* What to work on *
Only one part of the listing is needed: the lines from the one with "THE COUNTRY CANDLES" through the last line, copied exactly and free of pictures.
─── Dataset content ───
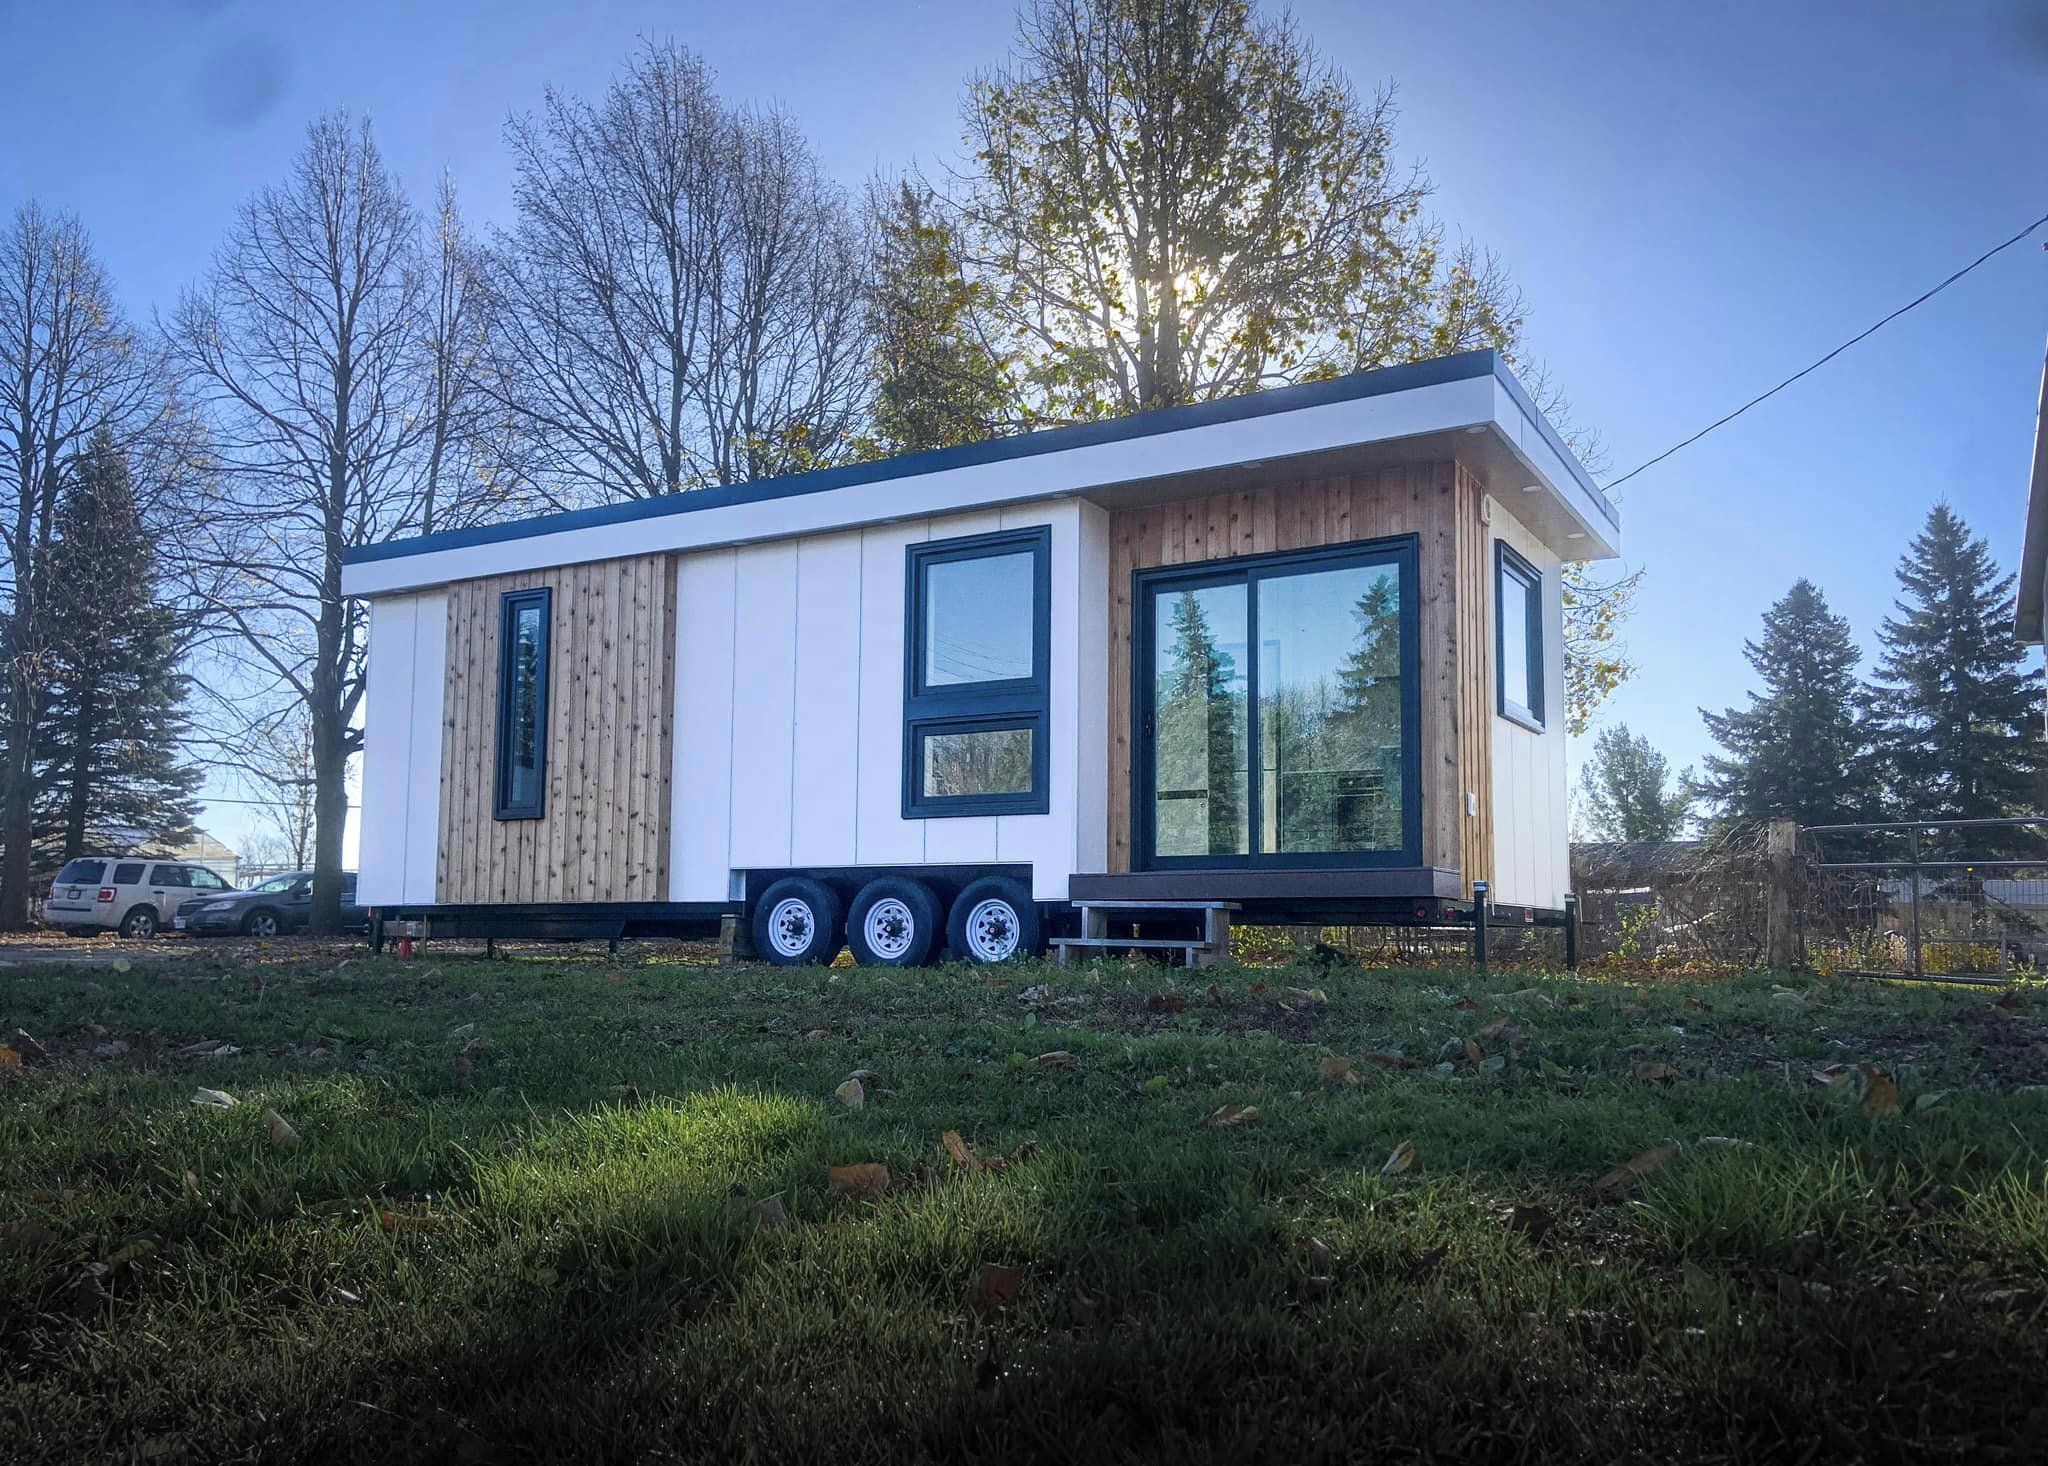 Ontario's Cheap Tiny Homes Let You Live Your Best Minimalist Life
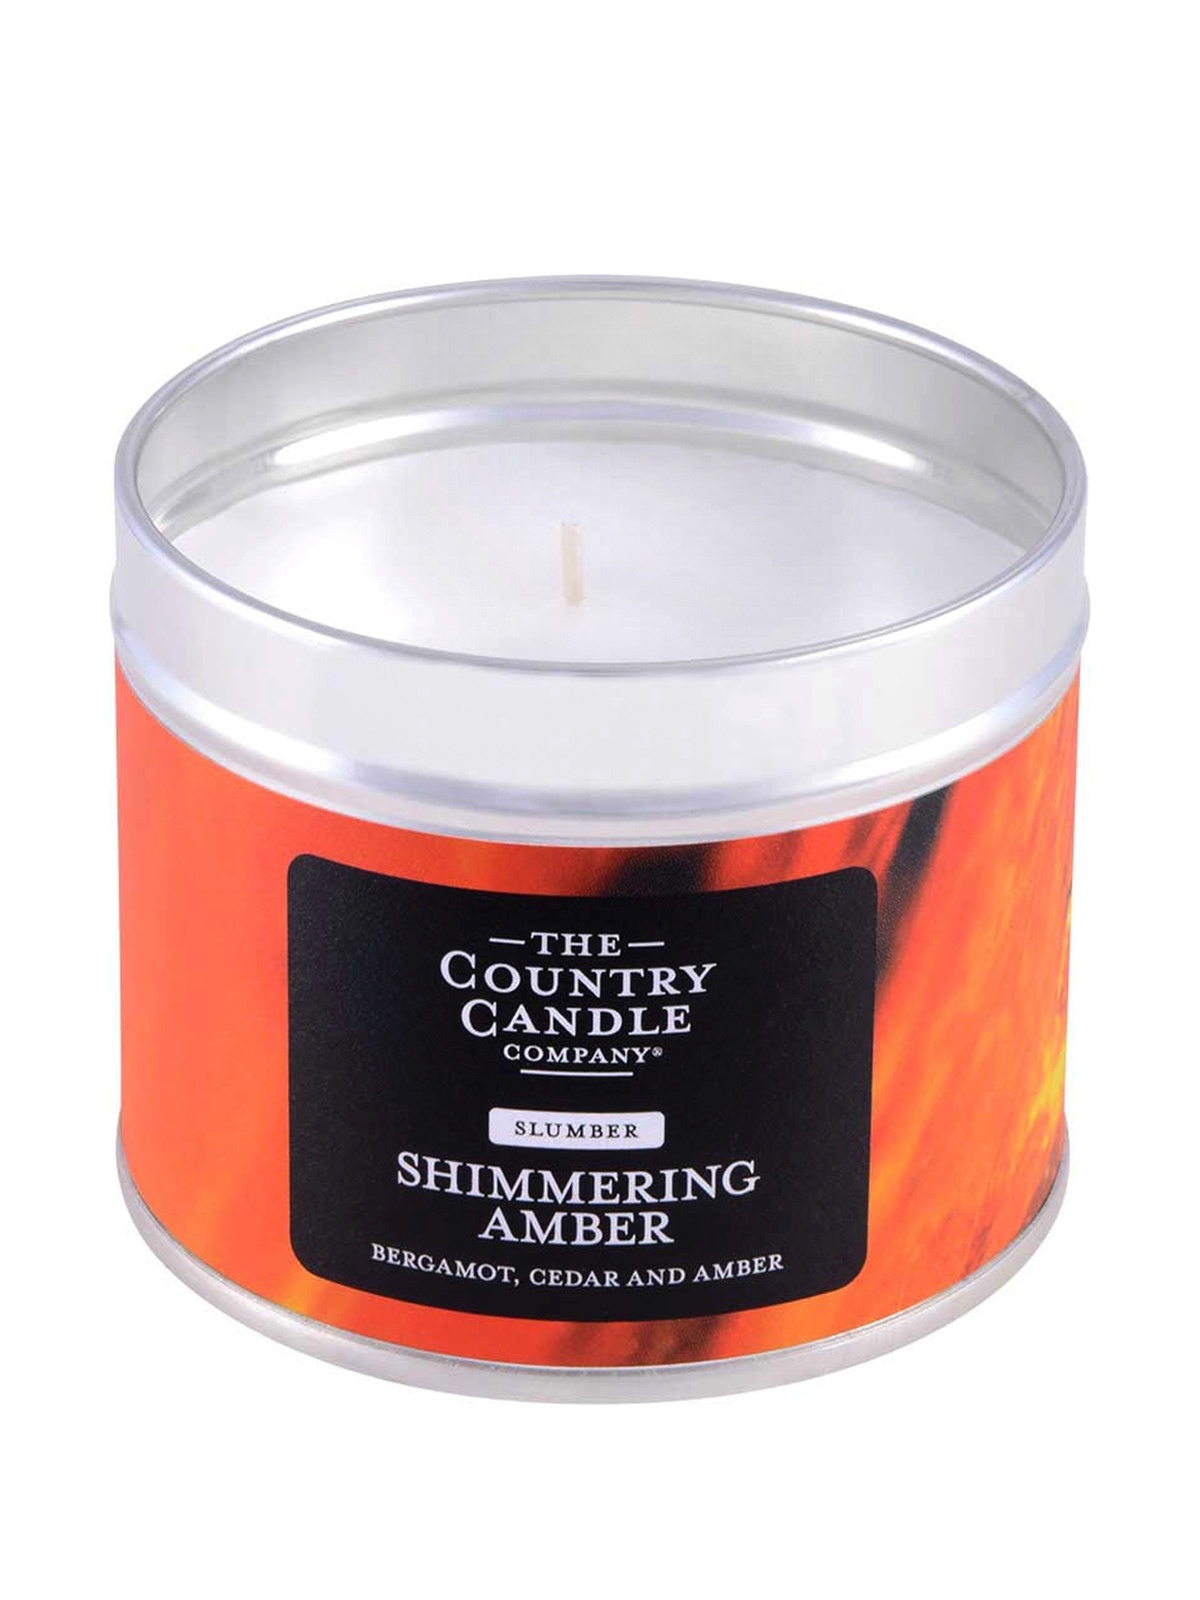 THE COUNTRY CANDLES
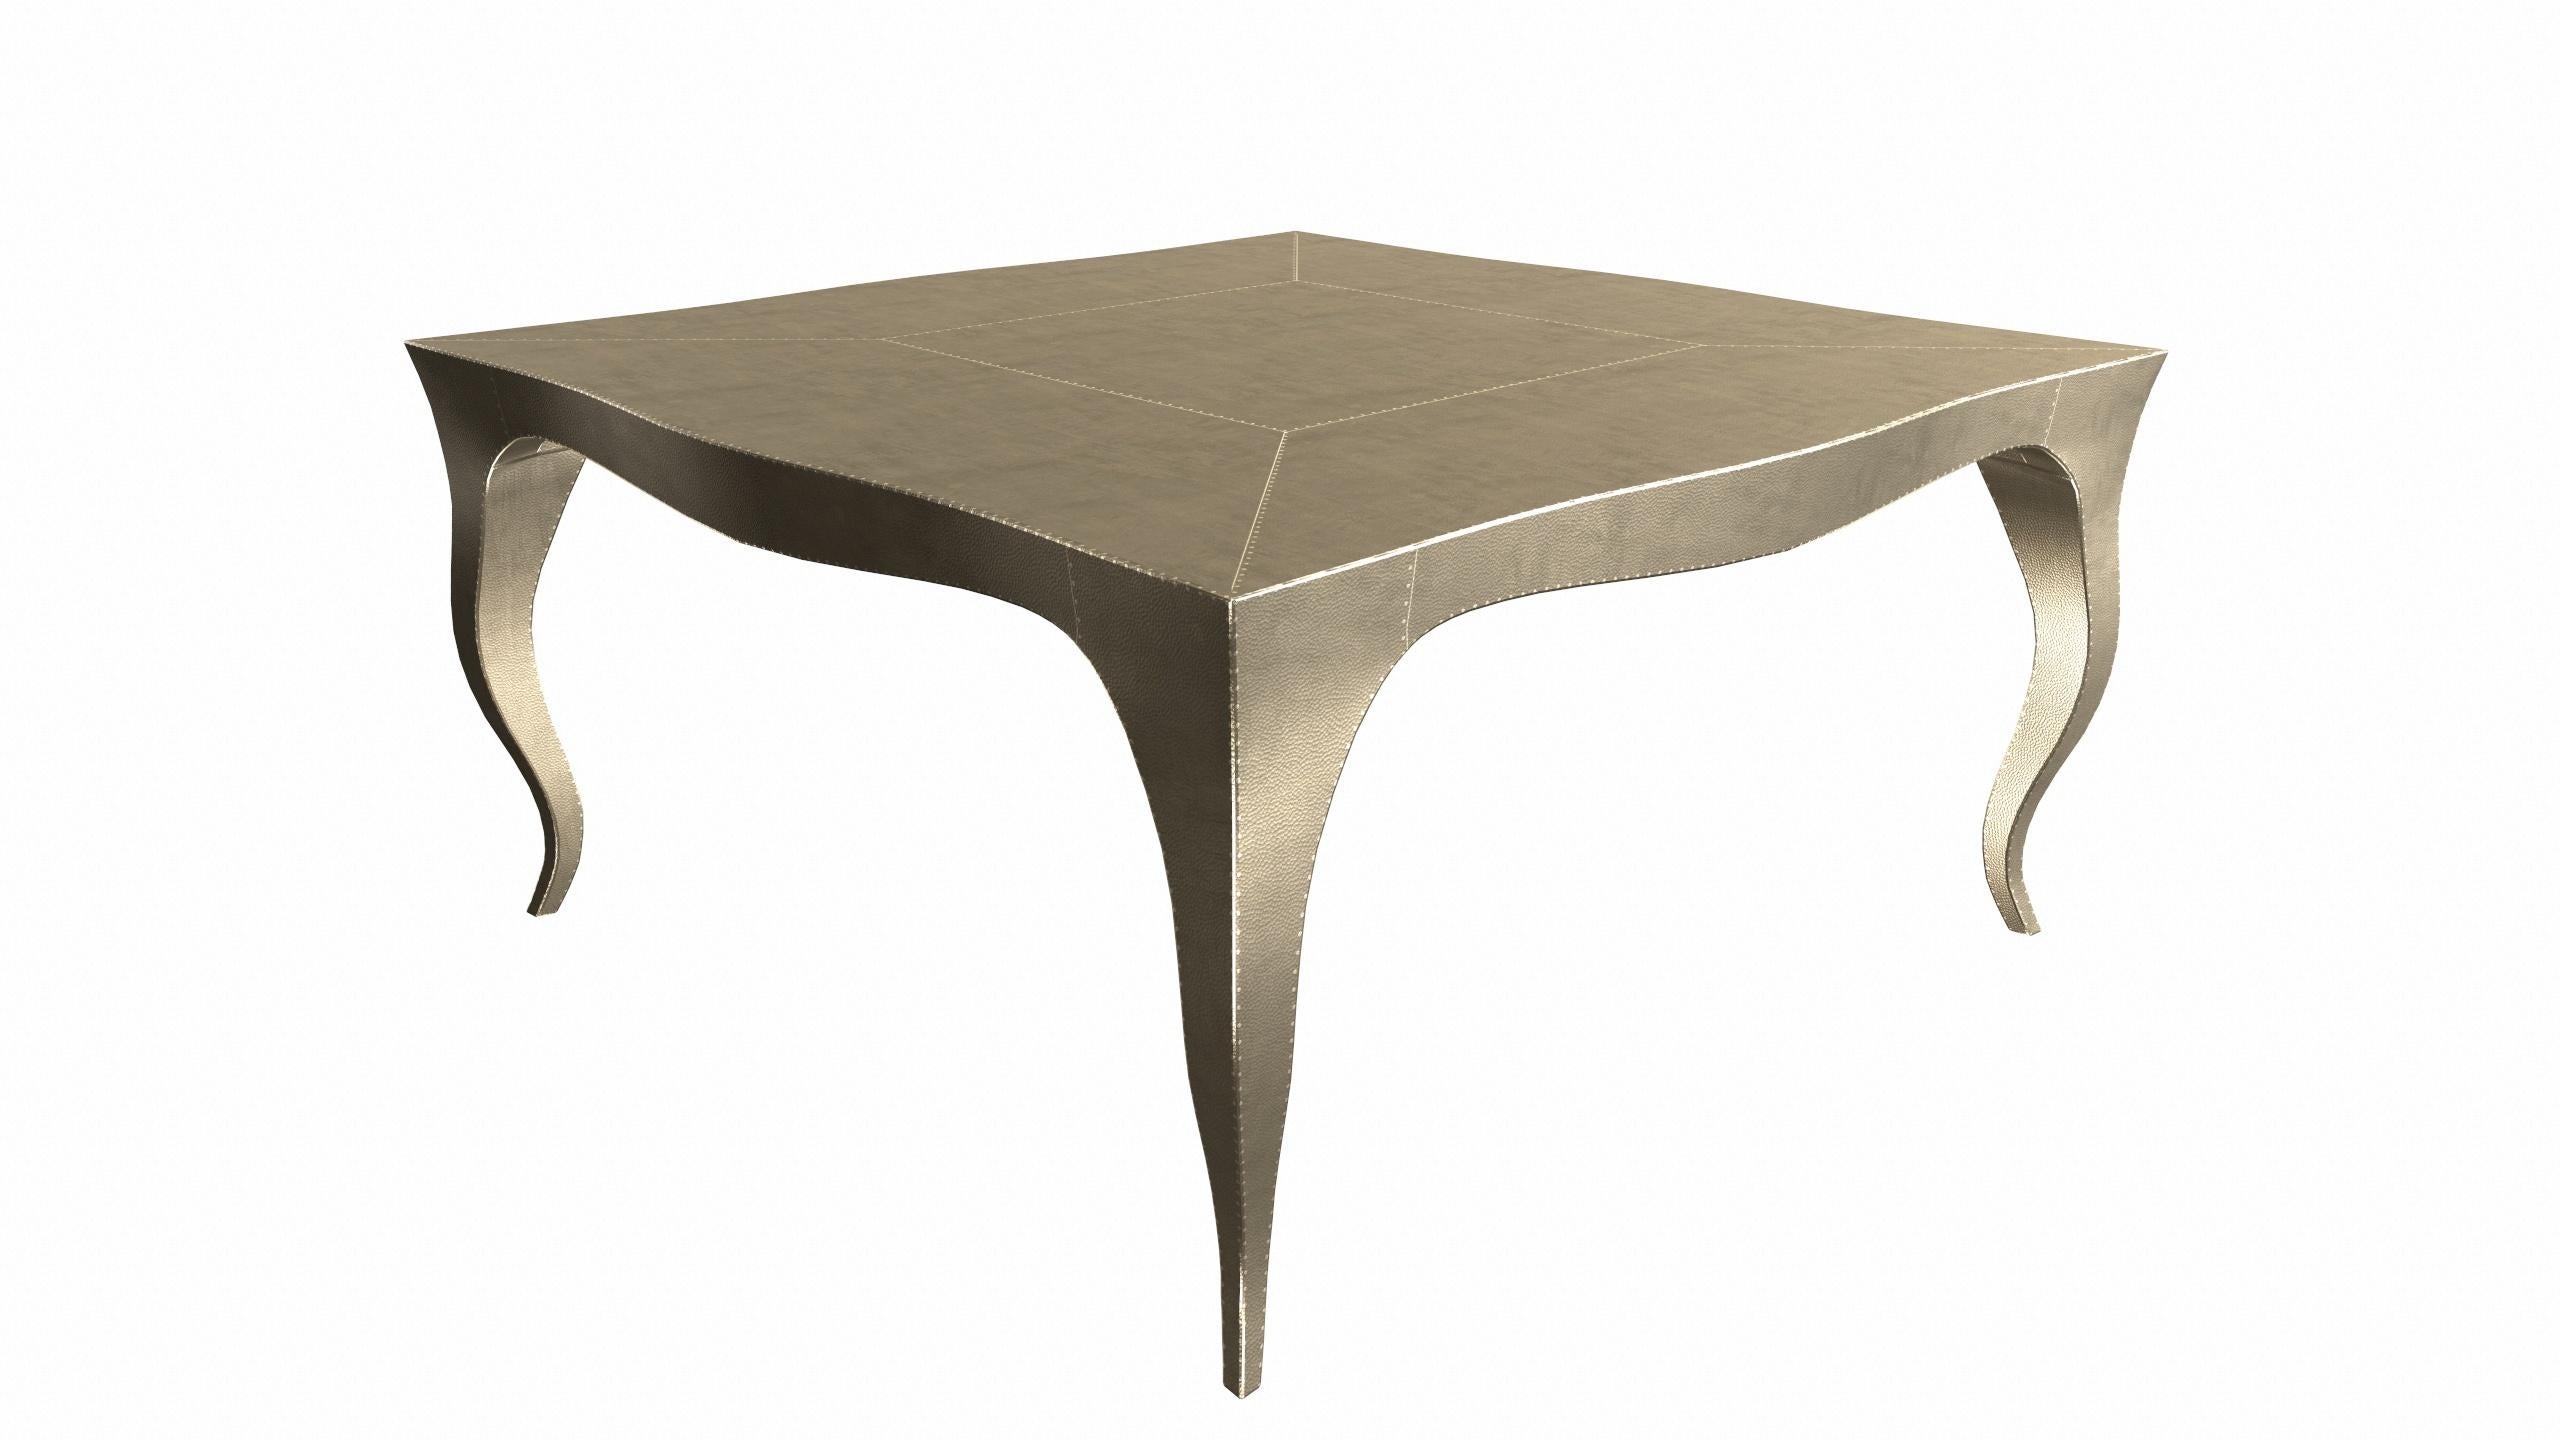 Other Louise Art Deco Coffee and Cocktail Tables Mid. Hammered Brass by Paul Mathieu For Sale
───
* Expected answer *
 THE COUNTRY CANDLES
 Other Louise Art Deco Coffee and Cocktail Tables Mid. Hammered Brass by Paul Mathieu For Sale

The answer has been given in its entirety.